Image reconstruction algorithms using overcomplete dictionaries for ECT sensor
L. de Moura, D. R. Pipa, A. N. Wrasse, M. J. da Silva
Graduate Program in Electrical and Computer Engineering, Federal University of Technology - Parana – CPGEI/UTFPR
Av. Sete de Setembro, 3165 – Curitiba, Brazil email@example.com
In industrial applications such as oil production and transportation, safe operation often requires information about the contents inside a pipeline. Two-phase flows are quite common in oil transportation, as the oil rarely fills the entirety of the pipeline cross-section. Phase distribution is an important parameter which characterizes two-phase flows. Many techniques were developed to estimate the phase distribution and with it other information like void fraction, phase velocity and flow rate. Among these techniques is the Electric Capacitance Tomography (ECT), a non-invasive technique that uses electrical field changes to discern materials with different electrical permittivities. In past years, image reconstruction techniques with L1 regularization and sparse representations have been extensively studied. The use of overcomplete dictionaries has also been subject of many studies in recent years. The aim of this work is to investigate the effectiveness of image reconstruction algorithms using an overcomplete dictionary and L1 regularization to promote sparseness.
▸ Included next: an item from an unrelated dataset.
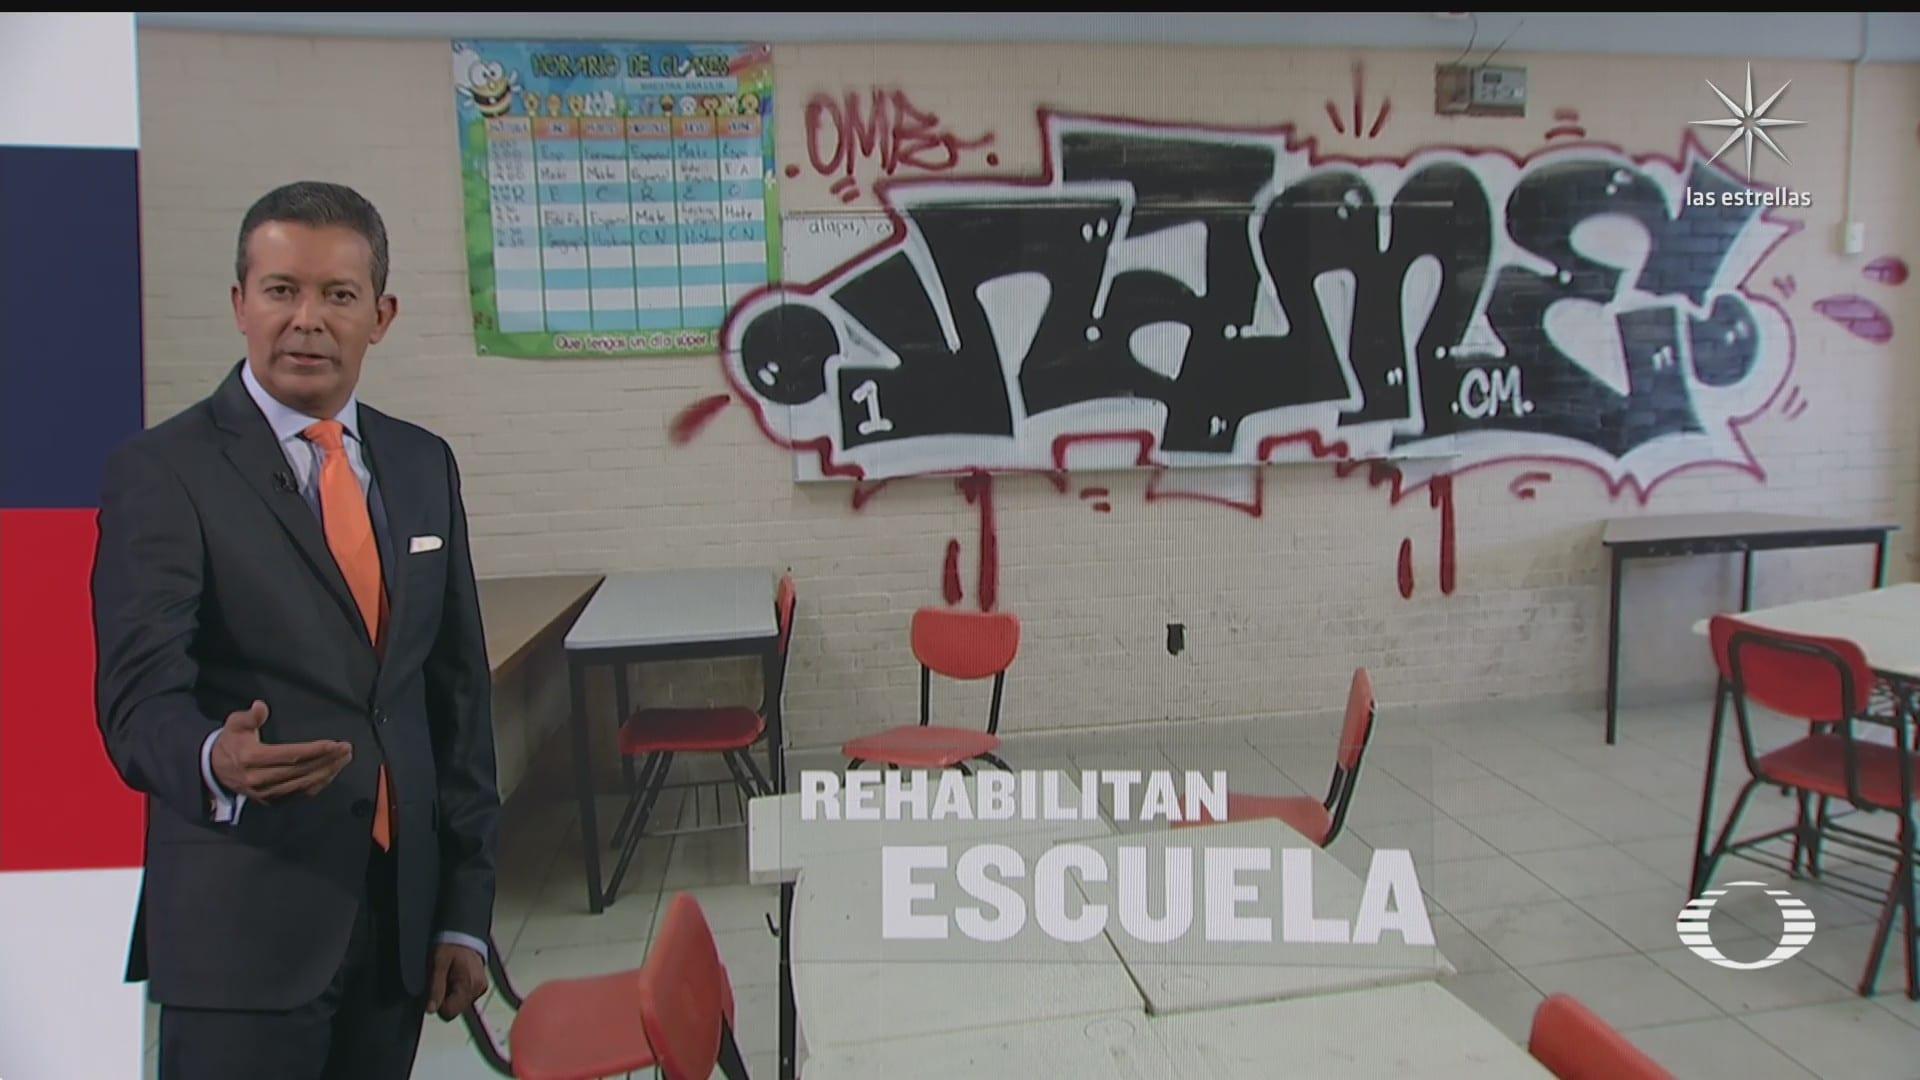 cuatro jovenes causan destrozos en escuela de la alcaldia tlalpan cdmx

To assess the proposed technique, we use a capacitive sensor array with 8 electrodes that is capable of making parallel measures at the cost of having reduced combinations of electrodes when compared to common ECT equipment. We present results with simulated and real data acquired in previous studies with this sensor. Early results show an overall improvement in the reconstructed images and in void fraction estimation.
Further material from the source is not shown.